La Laguna del Apoyo. The dock and a small guesthouse/snackbar belongs to an American couple who run a hostel in Granada (the infamous Bearded Monkey for my backpacking audience), and invite day trippers and overnight guests to lose themselves in the tranquility of their “Monkey Hut” on the Laguna.

On the bus from Masaya back to Granda. Me, Mariah (great travelling companion) and Patricia, who we met on the bus. Preciosa.

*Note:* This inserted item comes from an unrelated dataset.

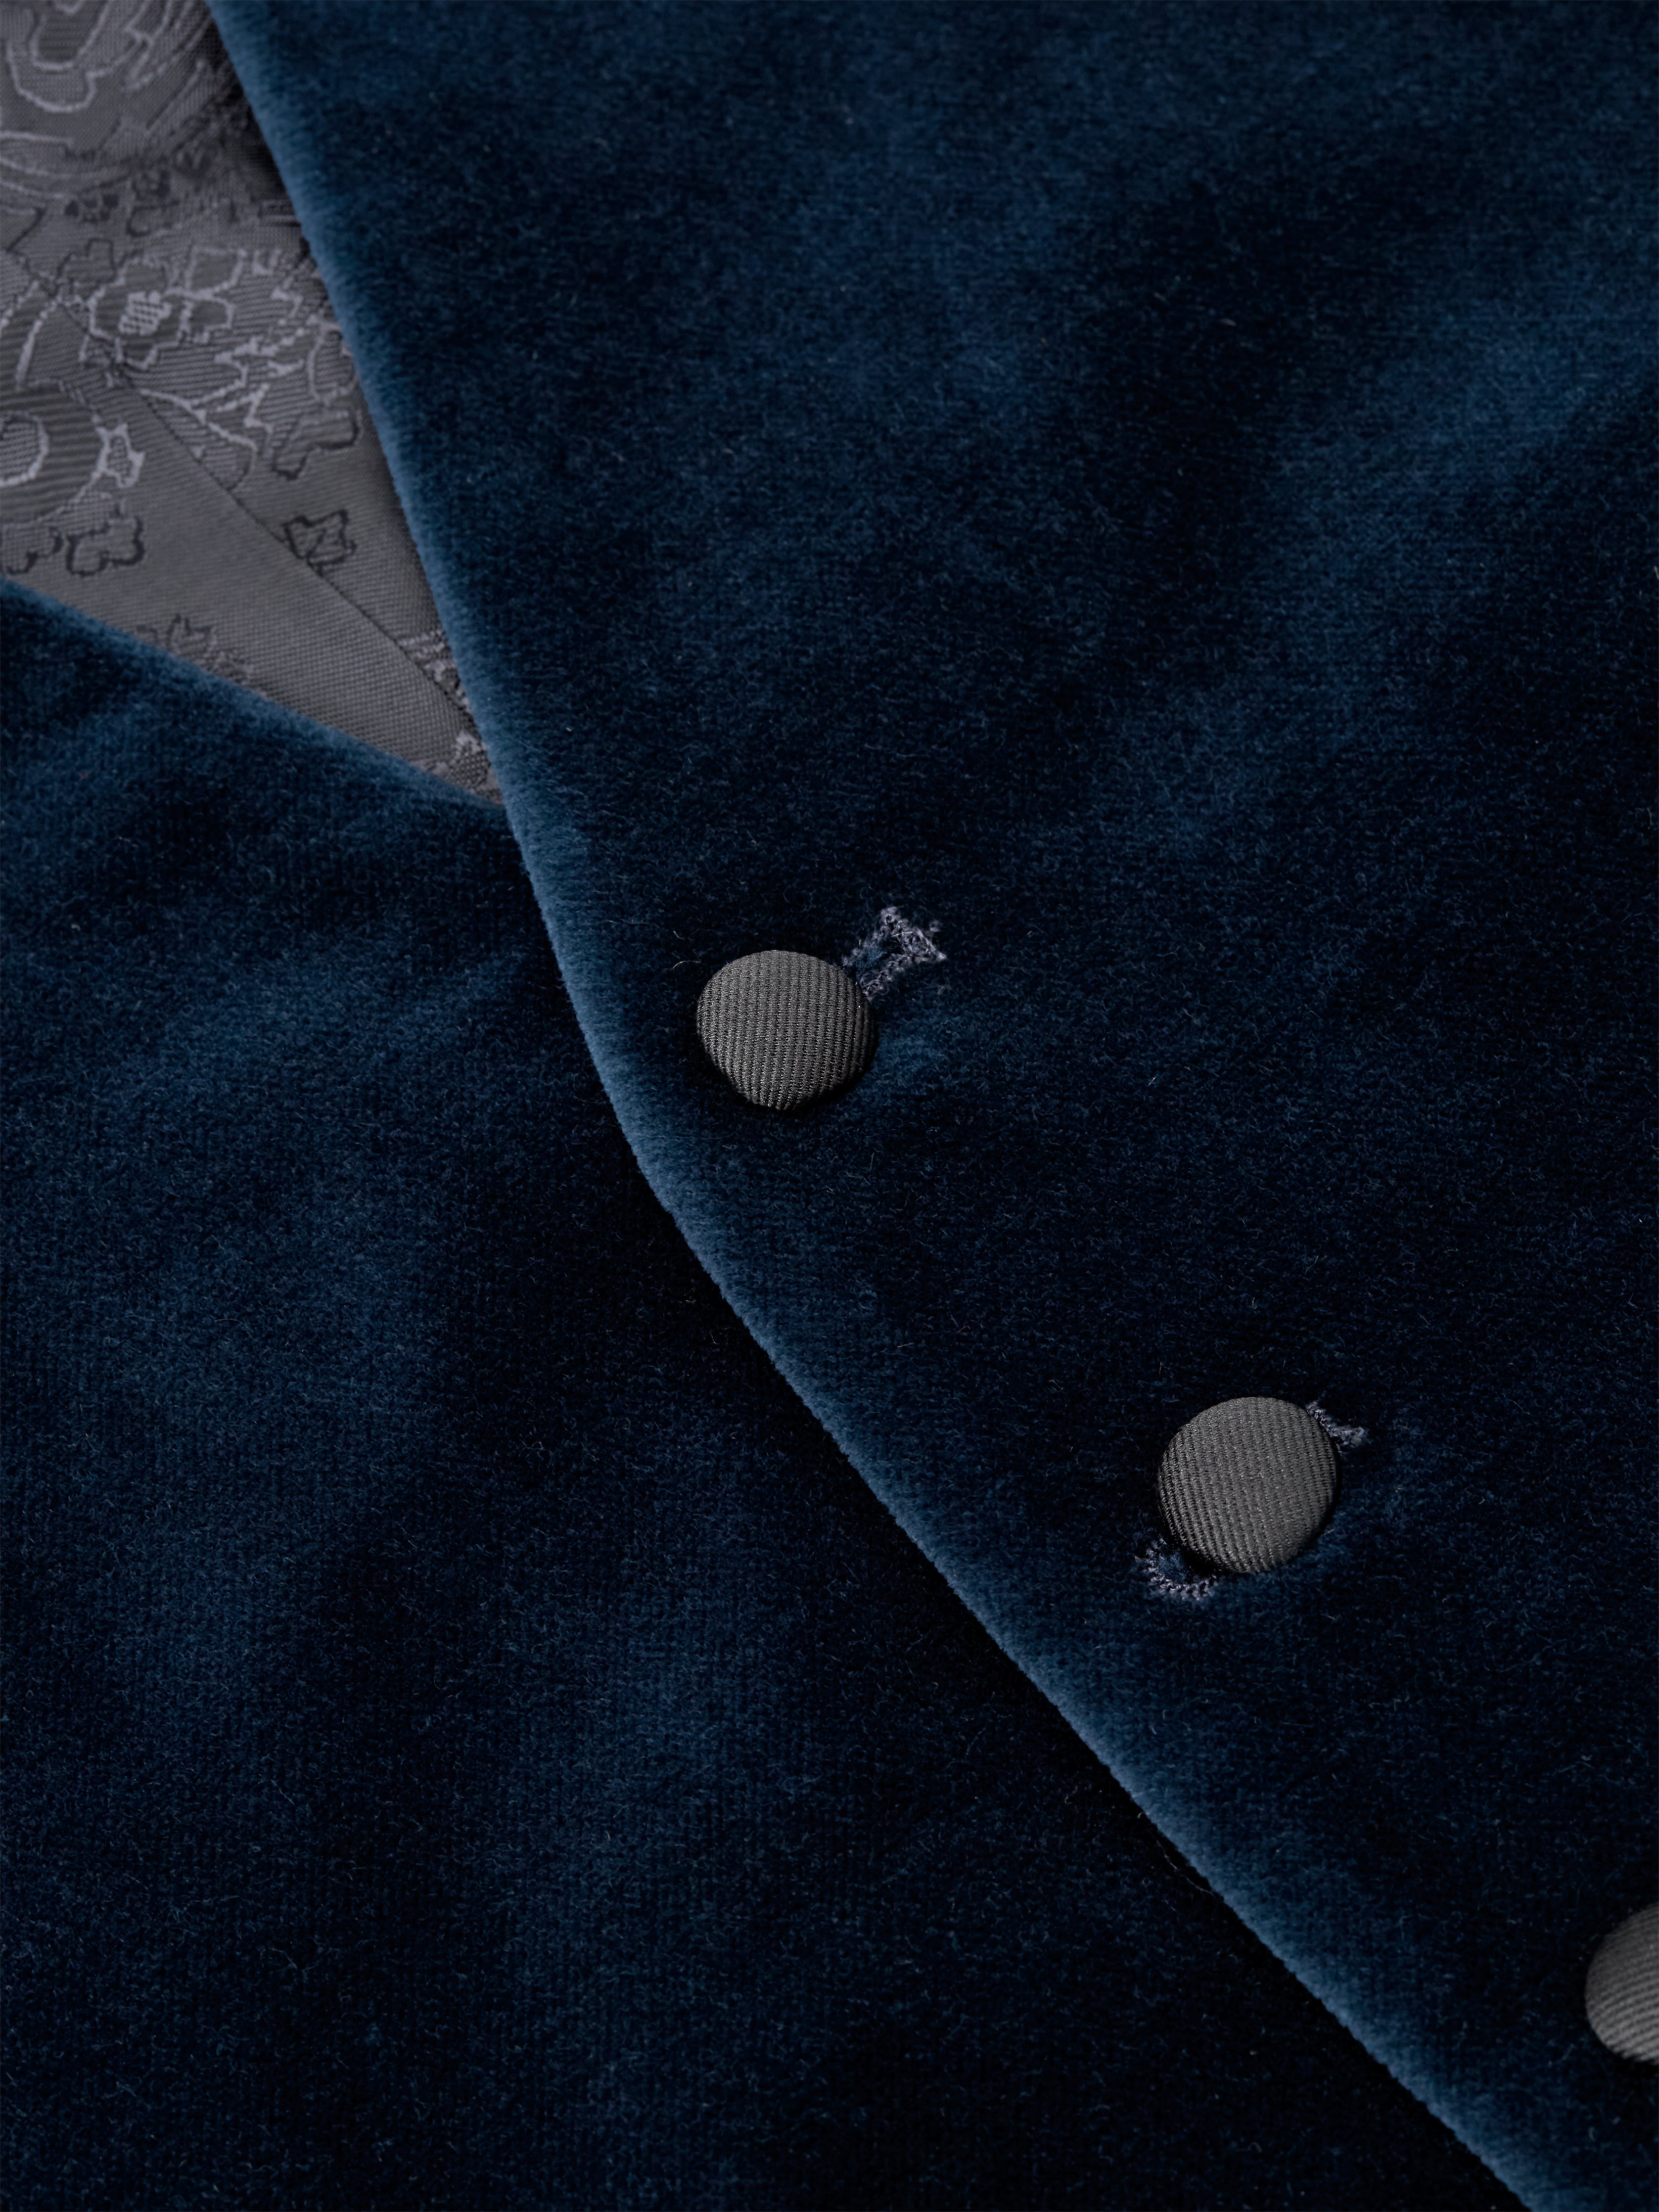 Sapphire Blue Velvet Cotton Single Breasted 6 Button Waistcoat ...
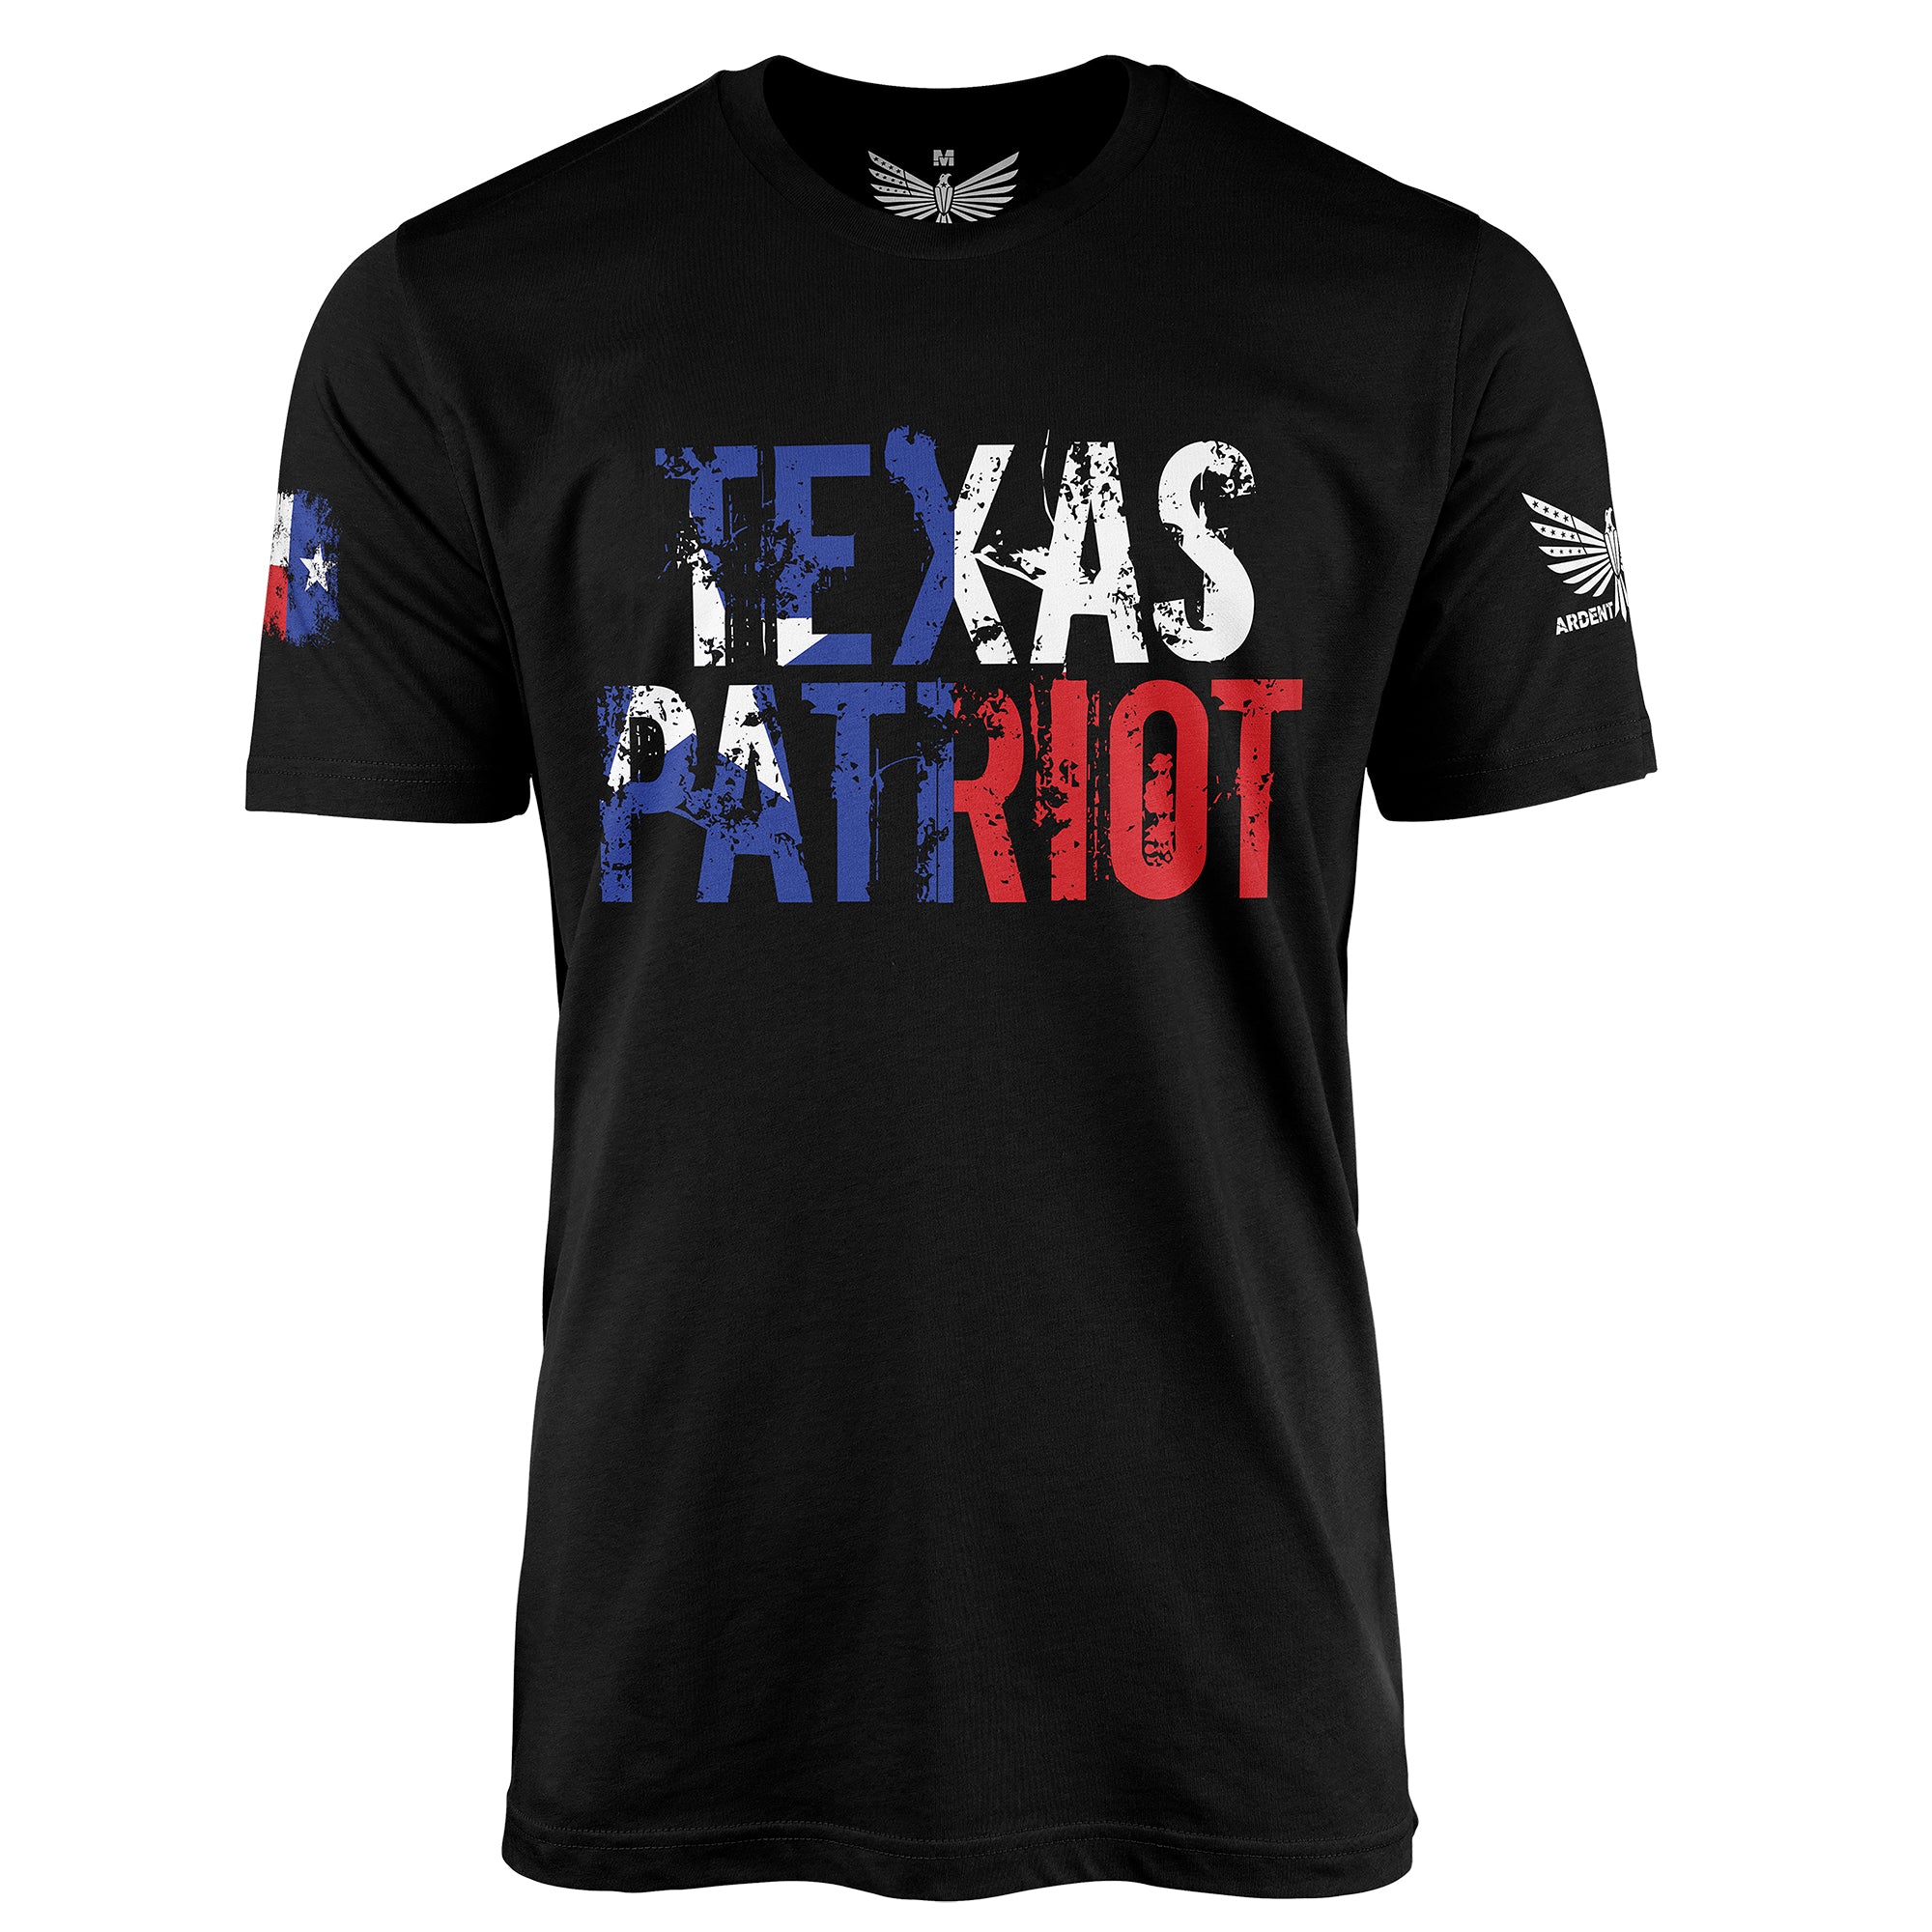 Texas Patriot-Men's Shirt-S-Ardent Patriot Apparel Co.

This morning I woke up early and was at school before 7am. I have just finished the morning session and have a short lunch break before beginning again in the afternoon. I am exhausted already. These kids have so much energy and certainly don’t understand the concept of speaking clearly in Spanish so I can understand their questions. Some of them are really poorly behaved, but others are great. This will certainly take some getting used to, and I am expecting this week to be hard. But, we do have a man who I *think* will be working with me in the Lab. He lived in Canada for ten years, so he speaks excellent English. We have very different styles and ideas, so it’s not ideal, but we will work it out. Hopefully he will stick around. But basically, it’s nice to finally have the lab up and running and to feel like someone will stick around after I leave.

English Lab ready for students. ¡Por fin!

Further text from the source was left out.